HAVING¶
Now that we understand grouping and aggregates, let’s try filtering the results based on an aggregate. To start, let’s find all cities for which contributions total more than $3,000. Here’s a first stab at the query:
SELECT city, state, SUM(amount)
FROM contributors
WHERE SUM(amount) >= 3000
GROUP BY city, state
ORDER BY SUM(amount) DESC;
And … no.
The error message isn’t very helpful, but you can see “misuse of aggregate: SUM()” is mentioned.
Turns out that aggregate functions can’t be used in a WHERE
clause. The
WHERE
clause acts as a filter on each row in turn, but here we want to
test an expression against an aggregate value for a group of rows (SUM(amount)
).
The equivalent of a WHERE
clause for aggregates is HAVING
.
It appears after the GROUP BY
:
SELECT city, state, SUM(amount)
FROM contributors
GROUP BY city, state
HAVING SUM(amount) >= 3000
ORDER BY SUM(amount) DESC;
To get a better sense of the difference between WHERE
and HAVING
, let’s
first look at a fairly simple query using WHERE
:
SELECT city, state, amount
FROM contributors
WHERE amount >= 2300;
This query looks for individual contributors who have given at least $2,300, and it returns their city, state and amount.

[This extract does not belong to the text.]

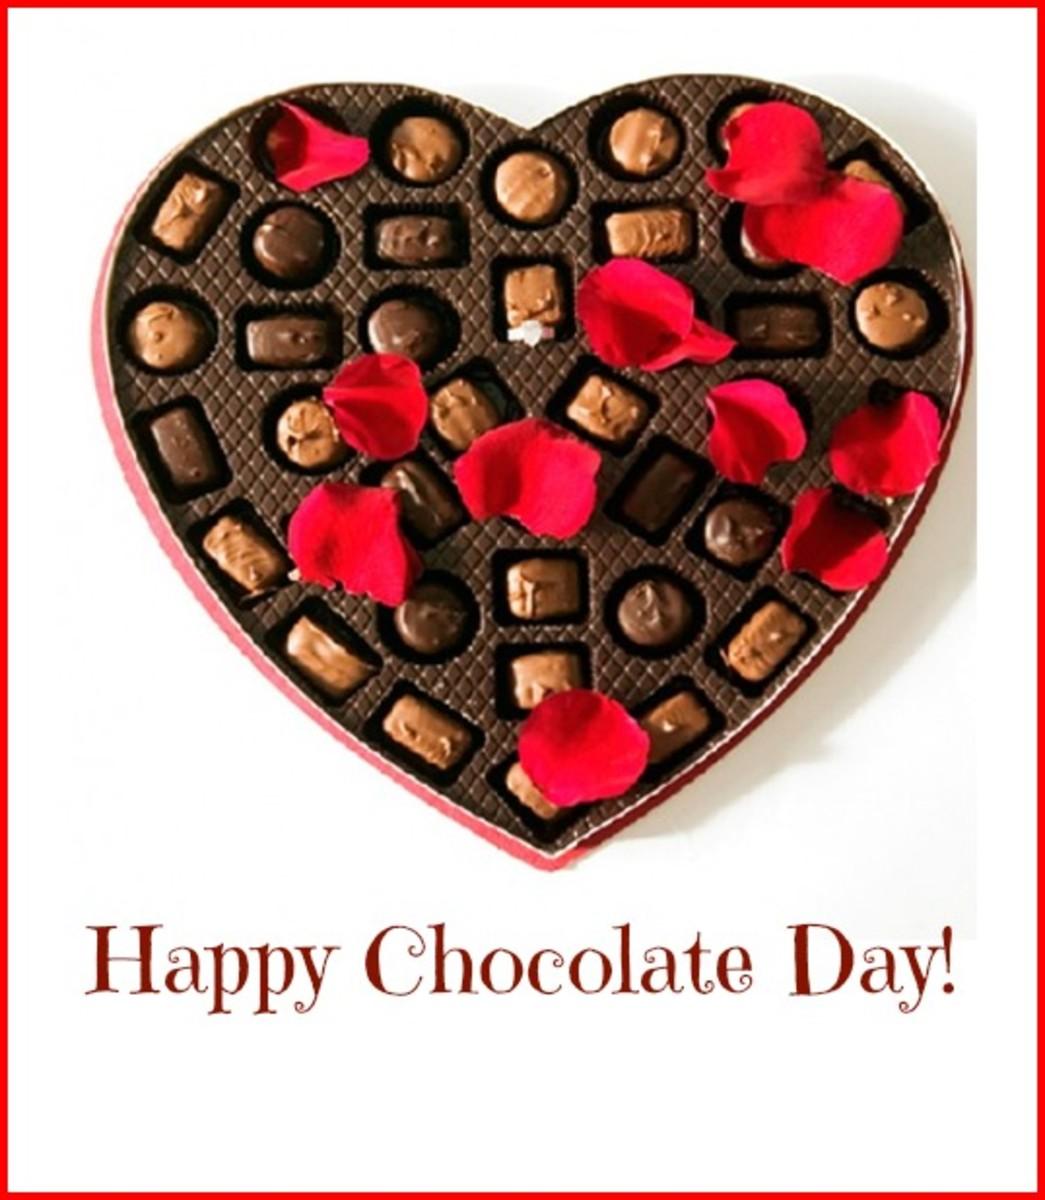 Happy Chocolate Day Valentine

Now let’s make this into an aggregate query by adding a GROUP BY
and an
aggregate function:
SELECT city, state, SUM(amount)
FROM contributors
WHERE amount >= 2300
GROUP BY city, state;
We have the same nine cities that we had in the first query (those
cities in which someone donated at least $2,300). But now, rather than
having one row per contributor, we have one row per city. The GROUP BY
eliminates the duplicate entries for cities in which more than one
person contributed at least $2,300. And by using the aggregate function
for SUM (amount)
, we’re adding up all contributions of at least $2,300
for each city.
Now let’s further filter this list of cities. We want to look only at cities in which these large contributions ($2,300 or greater) made a big difference. Let’s call $4000 a big difference, for the sake of argument. So, we want only those cities for which the total amount of contributions at this size exceeds $4000.
Looking at the results from the last query, we know to expect 3 rows, but it’s not always so easy to see.
Here goes:
SELECT city, state, SUM(amount)
FROM contributors
WHERE amount >= 2300
GROUP BY city, state
HAVING SUM(amount) > 4000;
And bam! We now have a list of cities where large contributions totaled more than $4000.